ITEM 6.    PURPOSES OF THE TRANSACTION AND PLANS OR PROPOSALS.

        (a) Purposes.     The information set forth in the Offer to Exchange under the caption "Summary Term Sheet and Questions and Answers" and Section 3 of the Offer to Exchange under the caption "The Offer to Exchange" entitled "Purposes of the Offer and Reasons for Structure of the Offer" is incorporated herein by reference.

        (b) Use of Securities Acquired.     The information set forth in Sections 6 and 12 of the Offer to Exchange under the caption "The Offer to Exchange" entitled "Acceptance of Options for Exchange; Grant of New RSUs" and "Status of Options Acquired by Us in the Offer; Accounting Consequences of the Offer" is incorporated herein by reference.

        (c) Plans.     The information set forth in the Offer to Exchange under the caption "Summary Term Sheet and Questions and Answers" and Section 3 of the Offer to Exchange under the caption "The Offer to Exchange" entitled "Purposes of the Offer and Reasons for Structure of the Offer" is incorporated herein by reference.

ITEM 7.    SOURCE AND AMOUNT OF FUNDS OR OTHER CONSIDERATION.

        (a) Source of Funds.     The information set forth in Section 9 of the Offer to Exchange under the caption "The Offer to Exchange" entitled "Source and Amount of Consideration; Terms of New RSUs" is incorporated herein by reference.

        (b) Conditions.     The information set forth in Section 7 of the Offer to Exchange under the caption "The Offer to Exchange" entitled "Conditions of the Offer" is incorporated herein by reference.

        (d) Borrowed Funds.     Not applicable.

ITEM 8.    INTEREST IN SECURITIES OF THE SUBJECT COMPANY.
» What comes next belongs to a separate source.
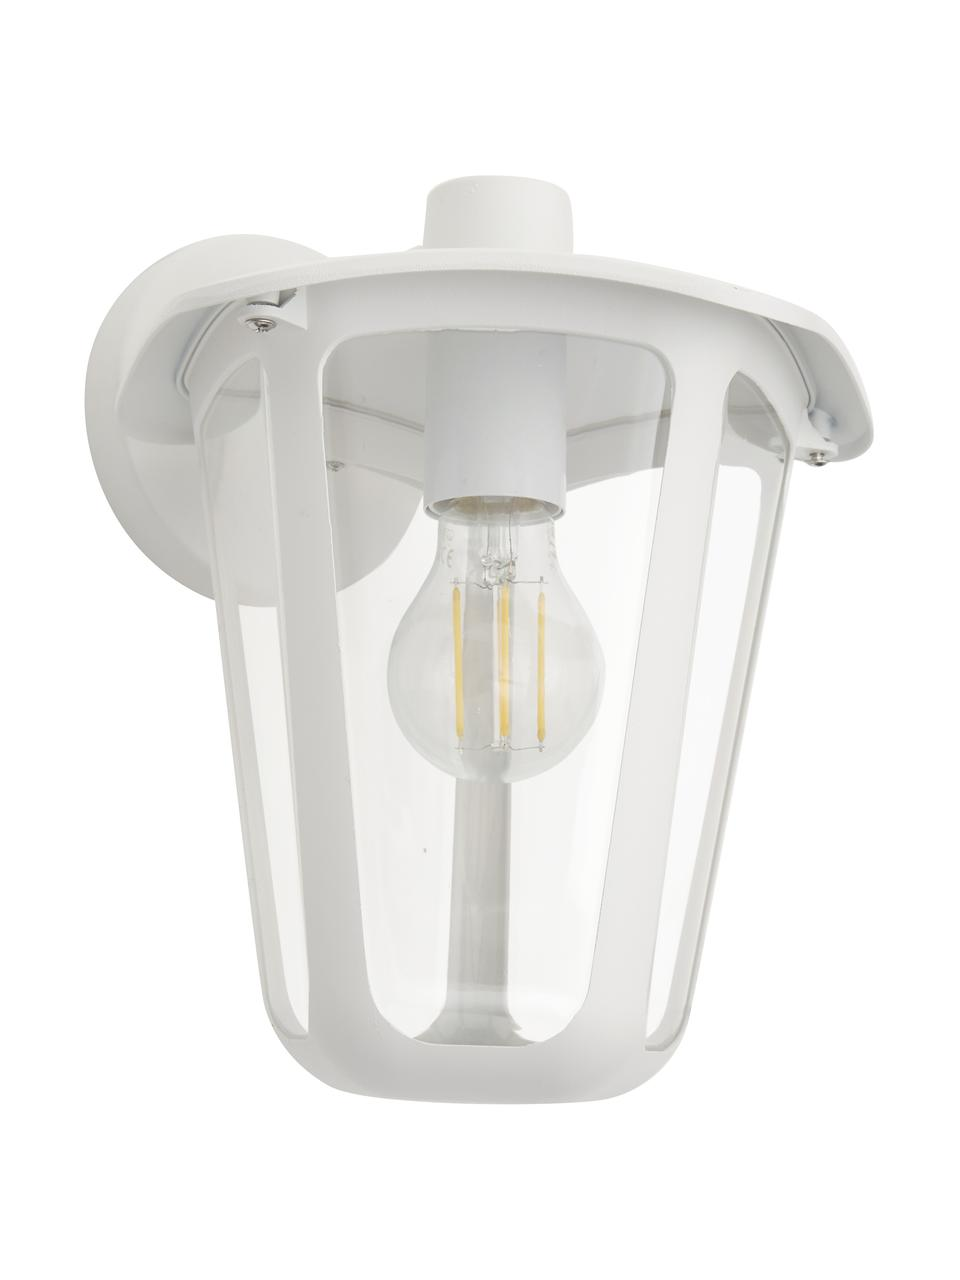 Außenwandleuchte Monreale in Weiß, Gehäuse: Aluminium, Lampenschirm: Kunststoff, Weiß, 23 x 28 cm
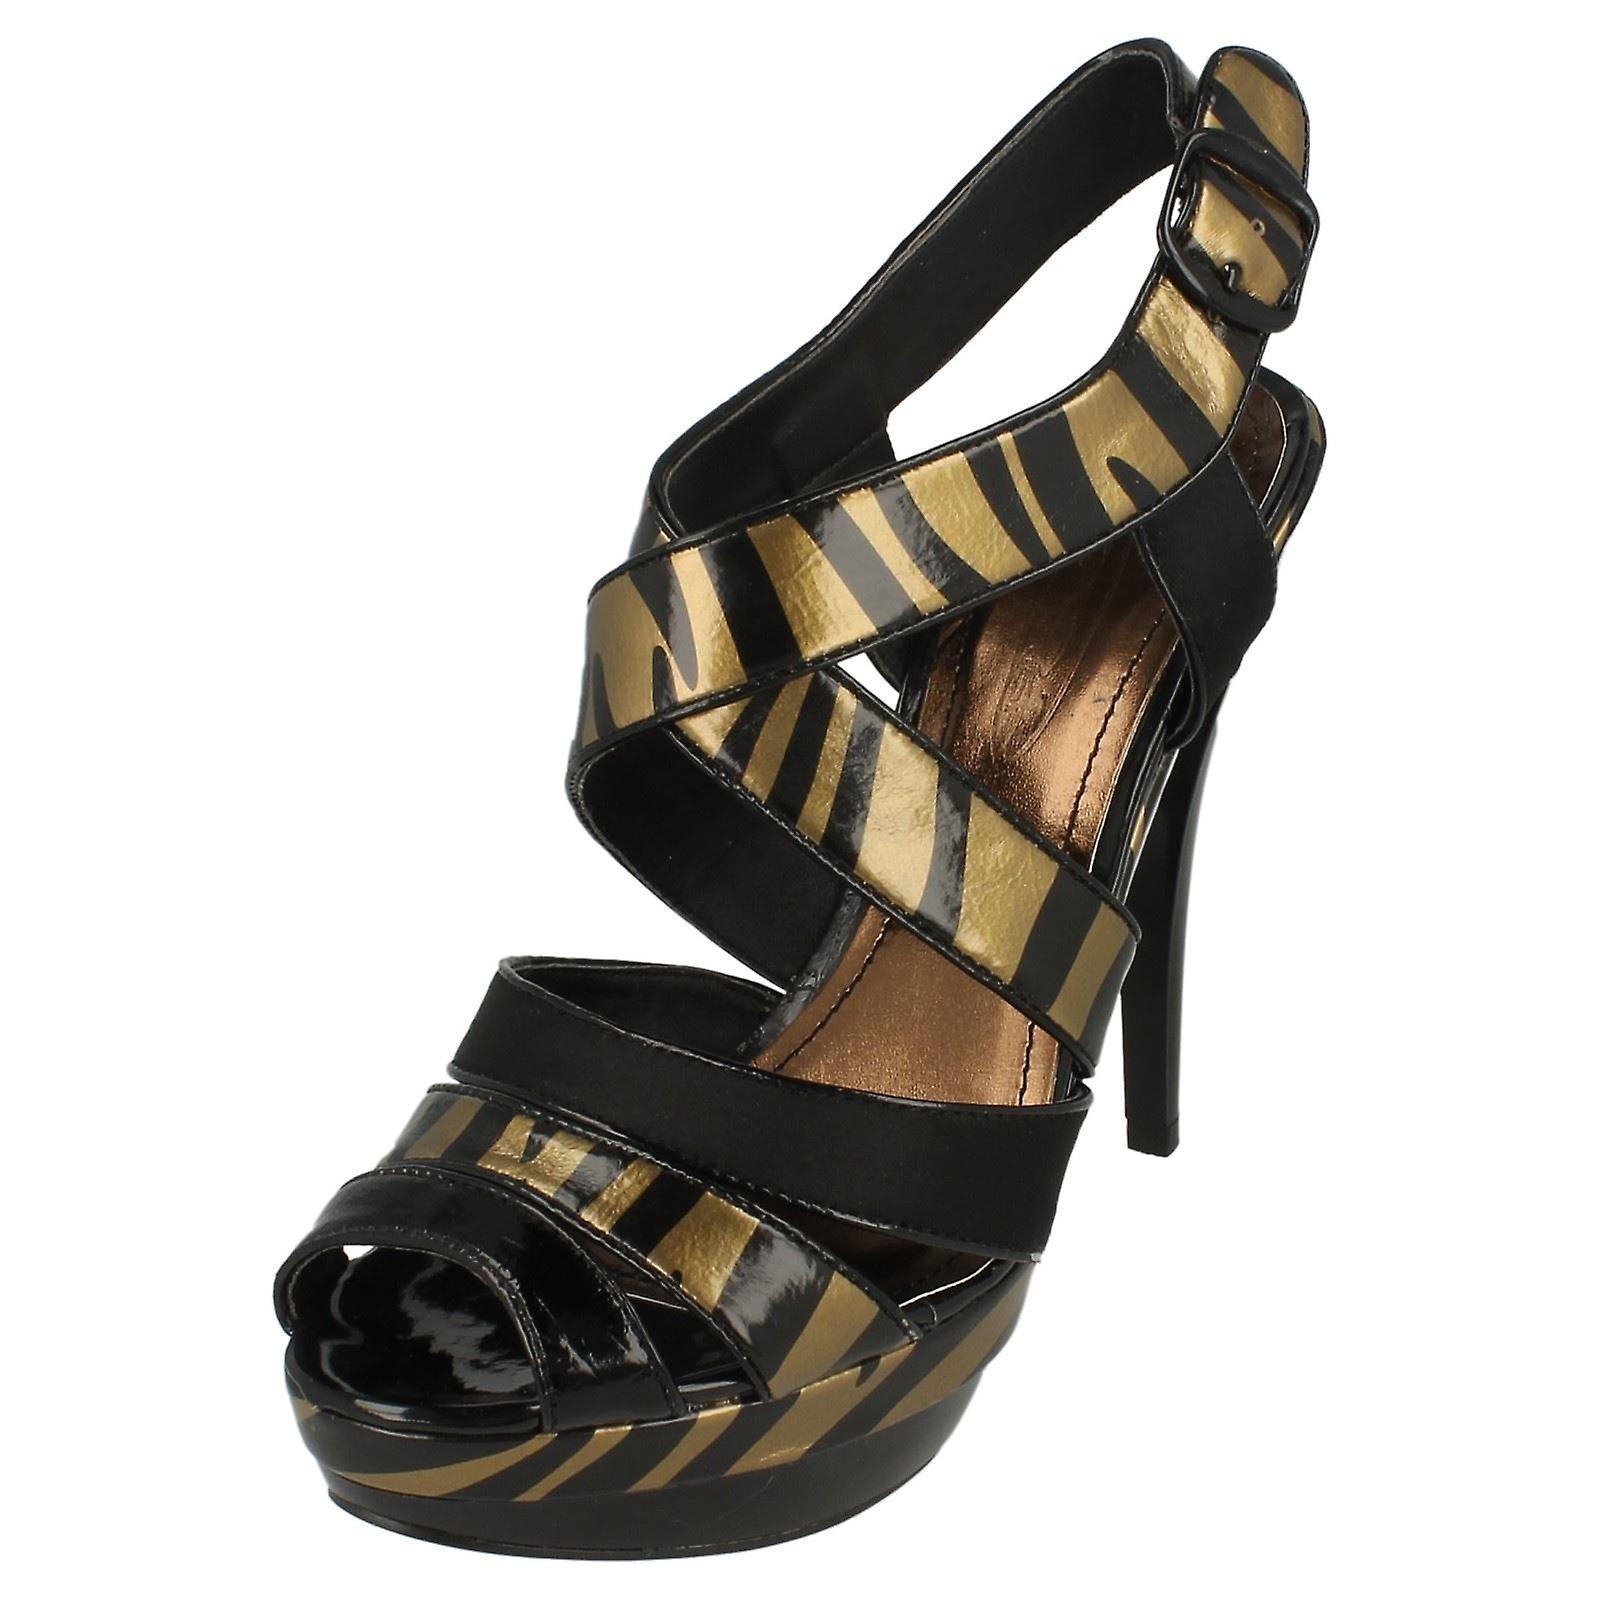 Panie miejscu na wydruku paski sandały obcasie Zebra KaUiL

        (a) Securities Ownership.     The information set forth in Section 11 of the Offer to Exchange under the caption "The Offer to Exchange" entitled "Interests of Directors and Executive Officers; Transactions and Arrangements Concerning Our Securities" and Schedule A to the Offer to Exchange is incorporated herein by reference.

        (b) Securities Transactions.     The information set forth in Section 11 of the Offer to Exchange under the caption "The Offer to Exchange" entitled "Interests of Directors and Executive Officers; Transactions and Arrangements Concerning Our Securities" and Schedule A to the Offer to Exchange is incorporated herein by reference.

ITEM 9.    PERSONS/ASSETS, RETAINED, EMPLOYED, COMPENSATED OR USED.

        (a) Solicitations or Recommendations.     Not applicable.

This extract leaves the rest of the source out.